◆ **What you should do**: In the material below, the lines from the one containing "Hebridean Pigeon Letter Writing Set" through the one containing "Report of the" are to be given again exactly, ends included, and no others.

◆ **Data**:
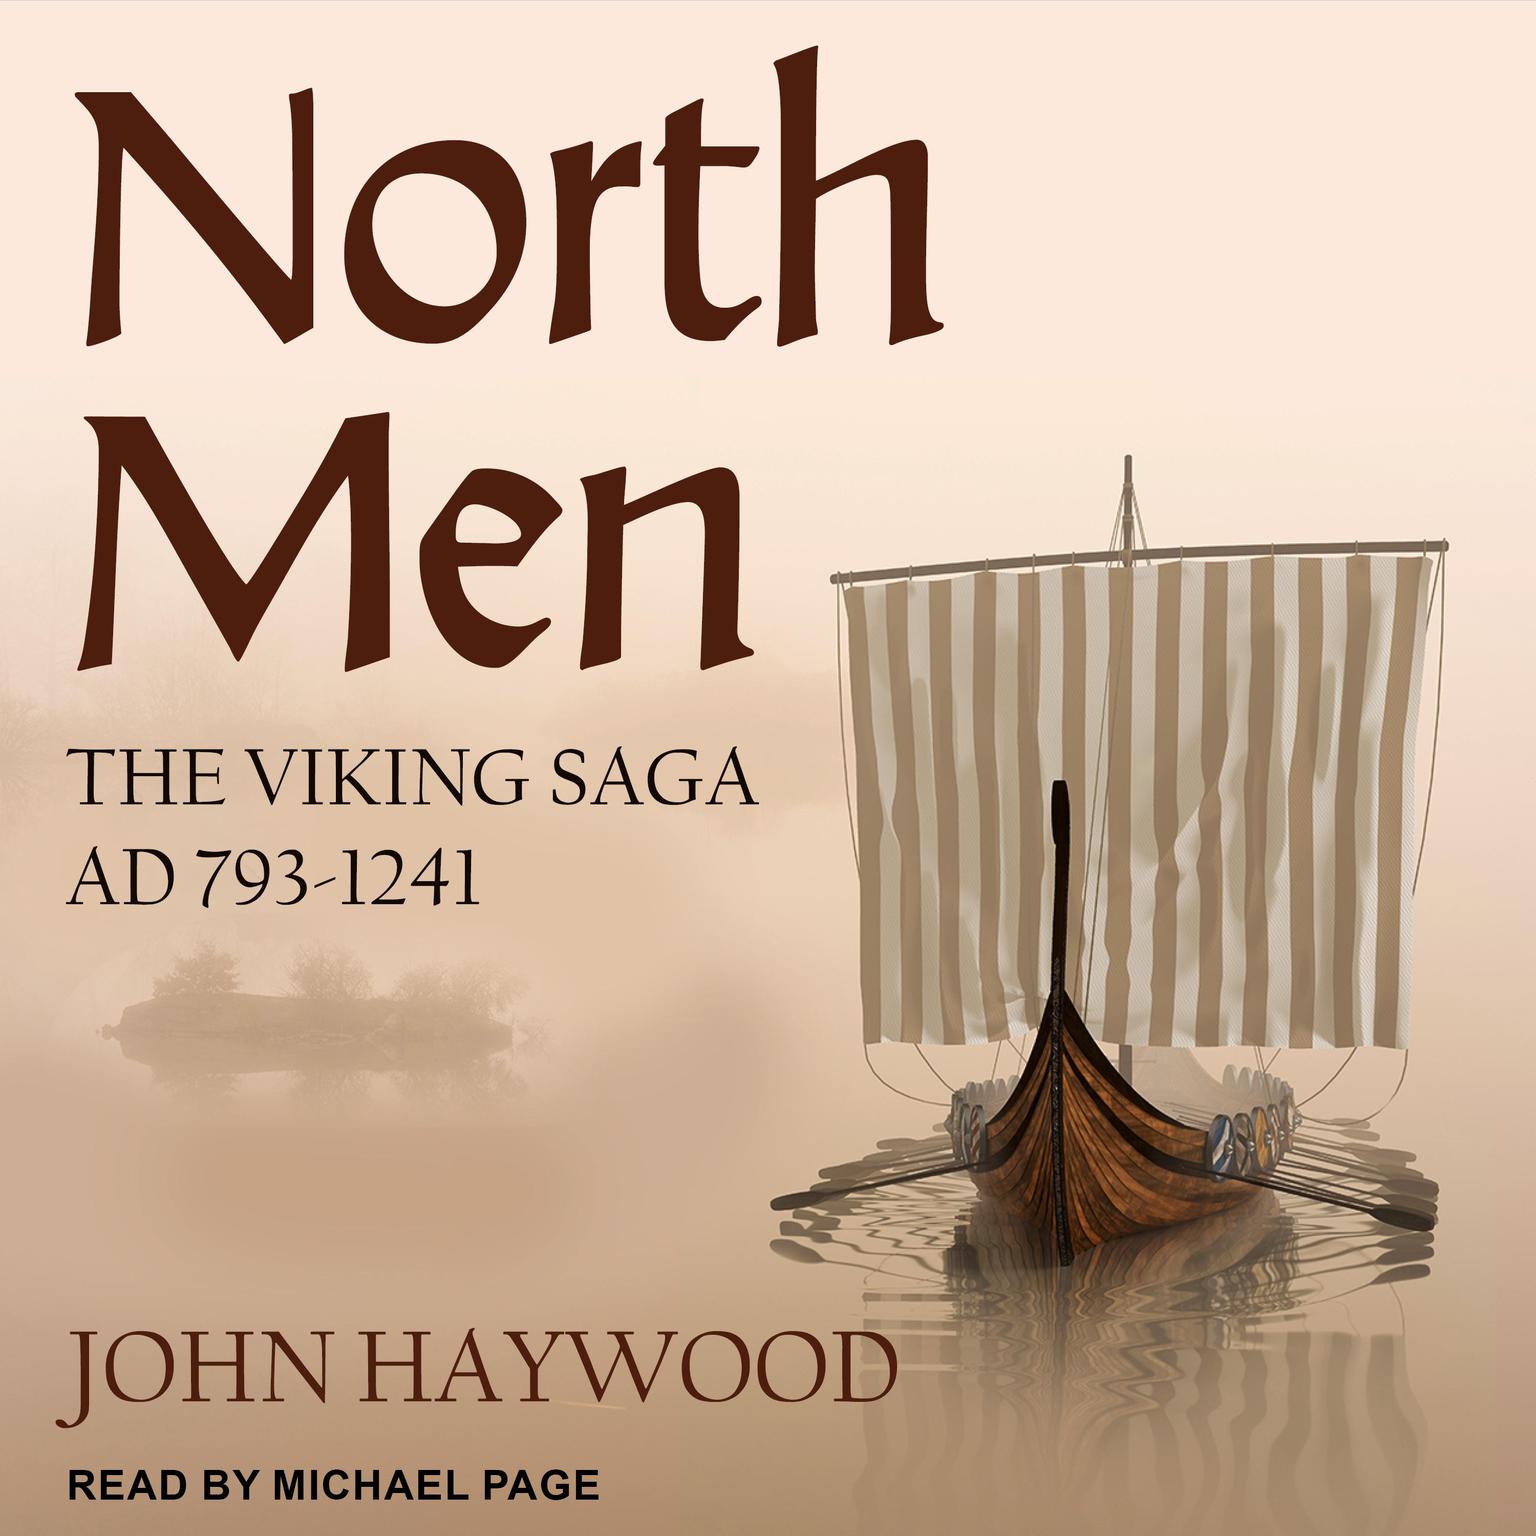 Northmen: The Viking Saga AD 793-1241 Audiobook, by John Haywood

---

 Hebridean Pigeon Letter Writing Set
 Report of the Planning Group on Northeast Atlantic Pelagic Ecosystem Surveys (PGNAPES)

...

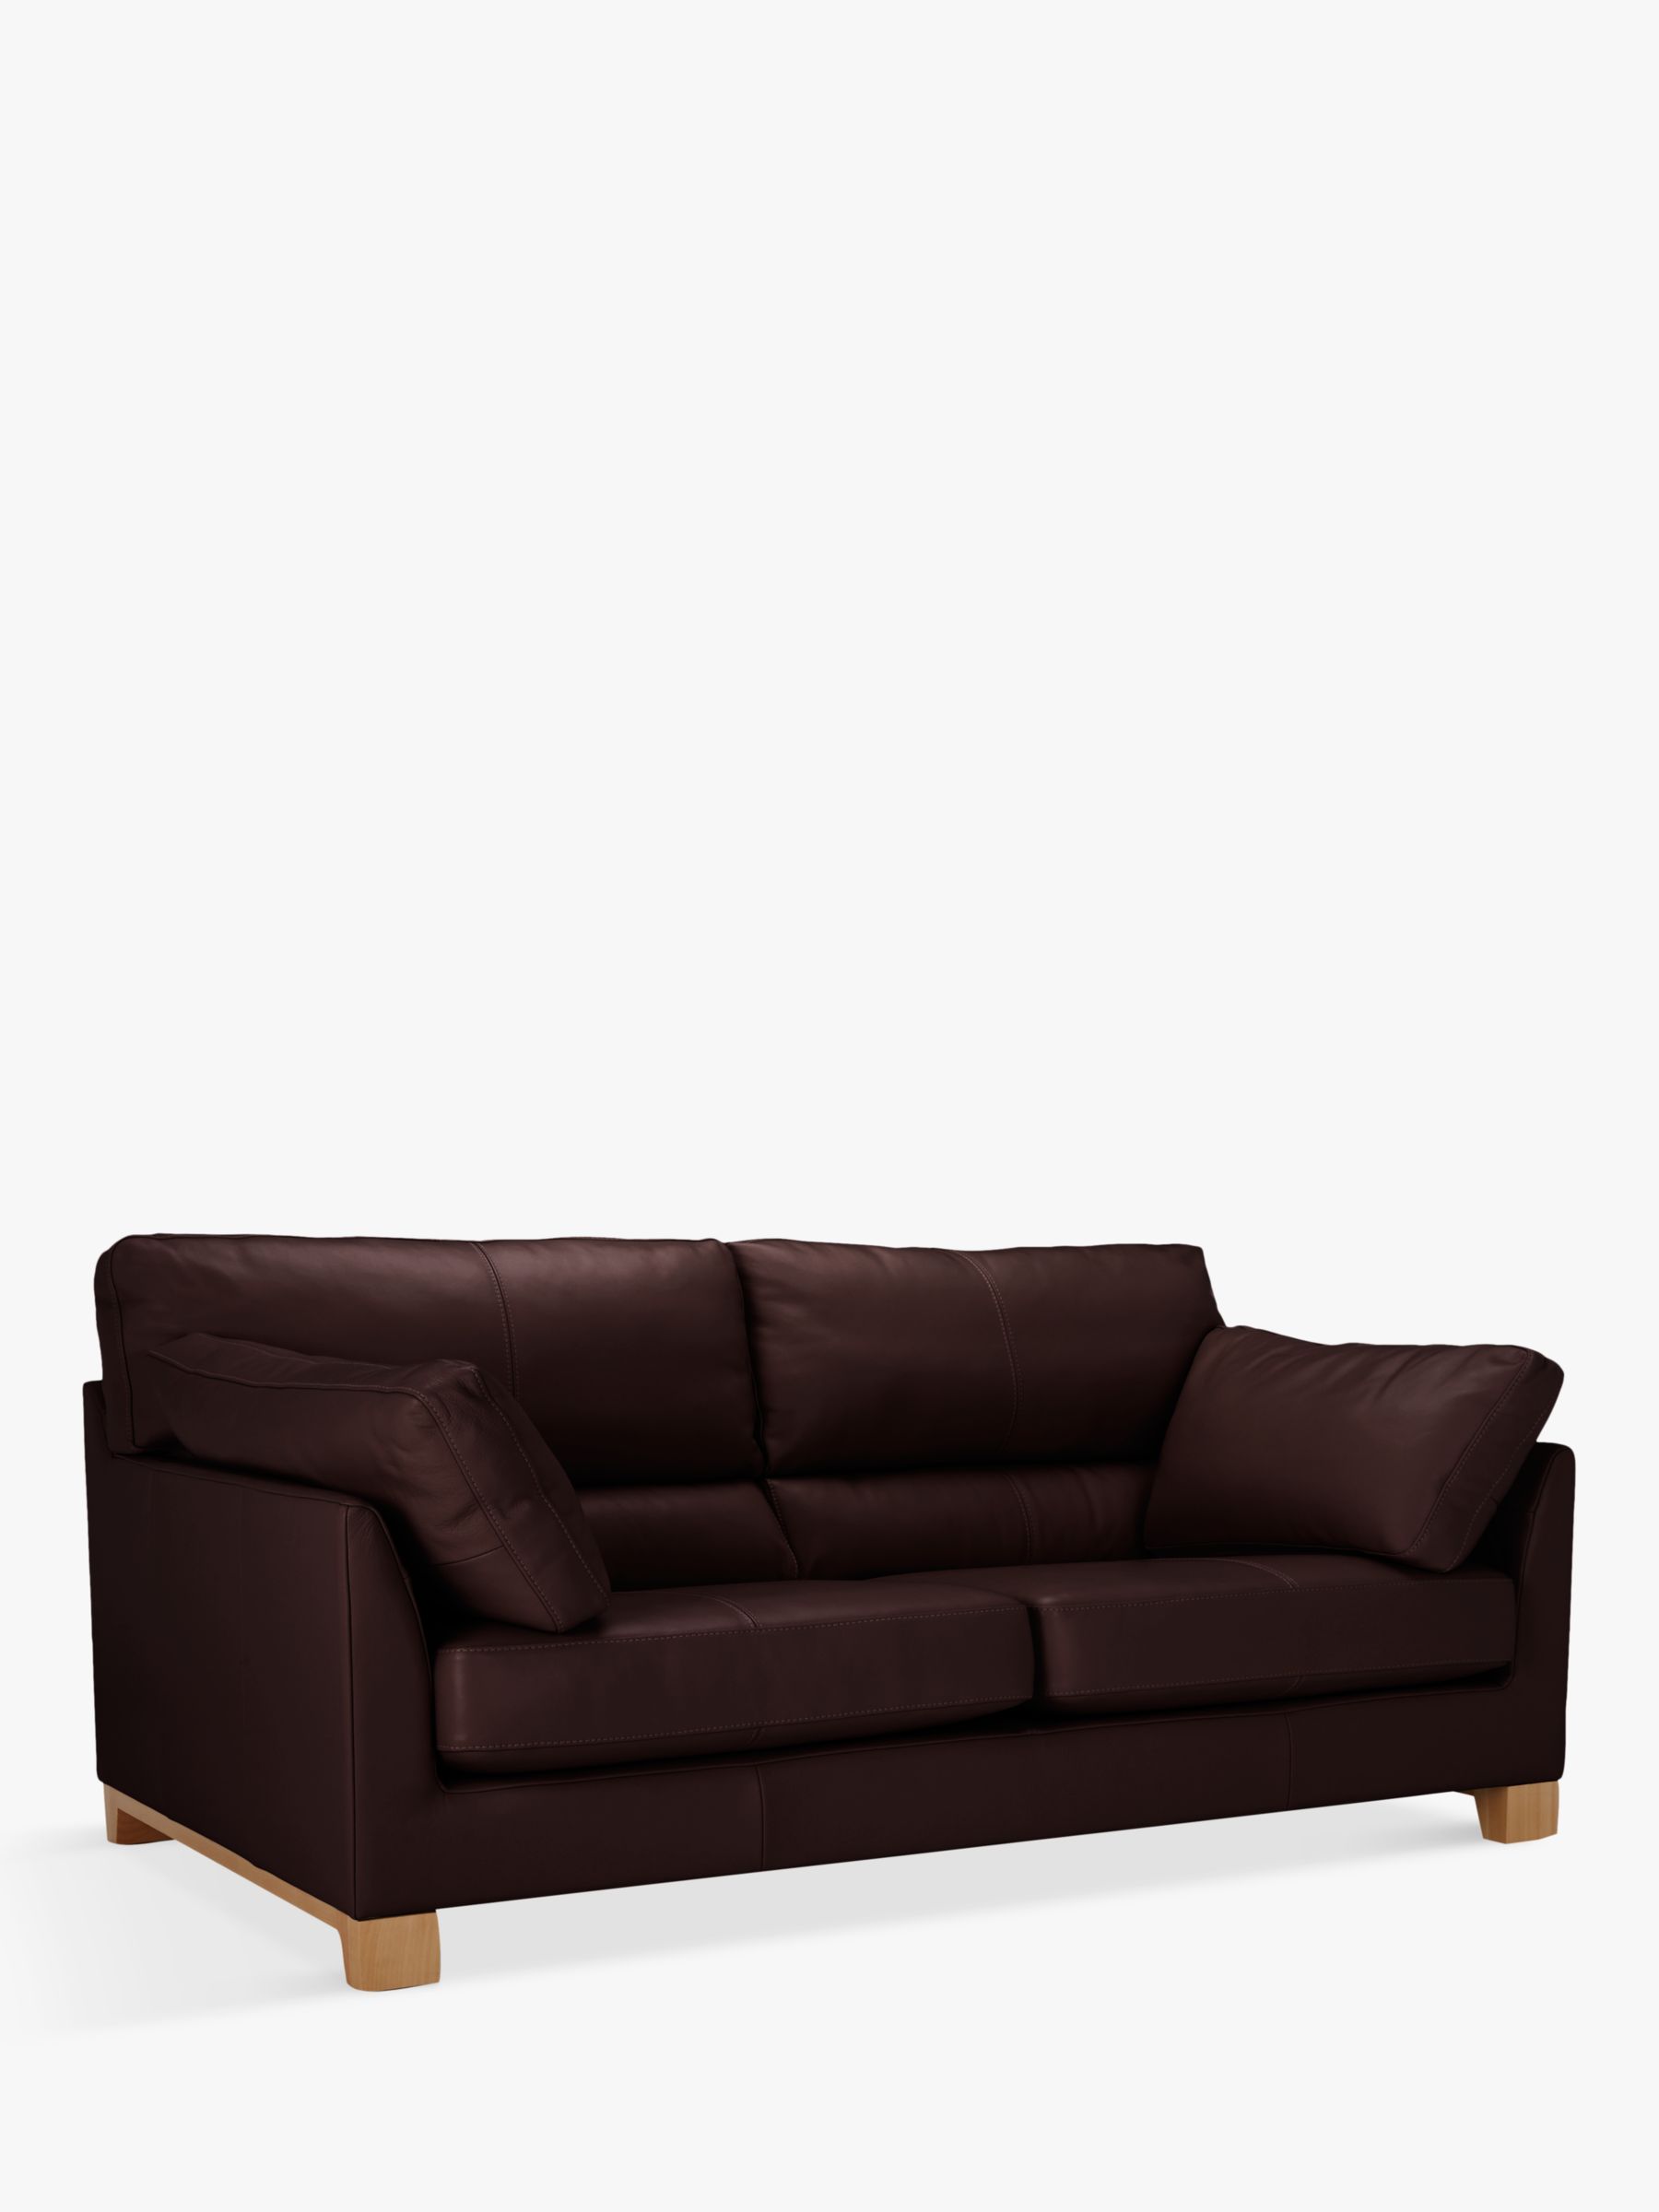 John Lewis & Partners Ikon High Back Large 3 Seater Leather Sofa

◆ **Output of the exercise**:
 Hebridean Pigeon Letter Writing Set
 Report of the Planning Group on Northeast Atlantic Pelagic Ecosystem Surveys (PGNAPES)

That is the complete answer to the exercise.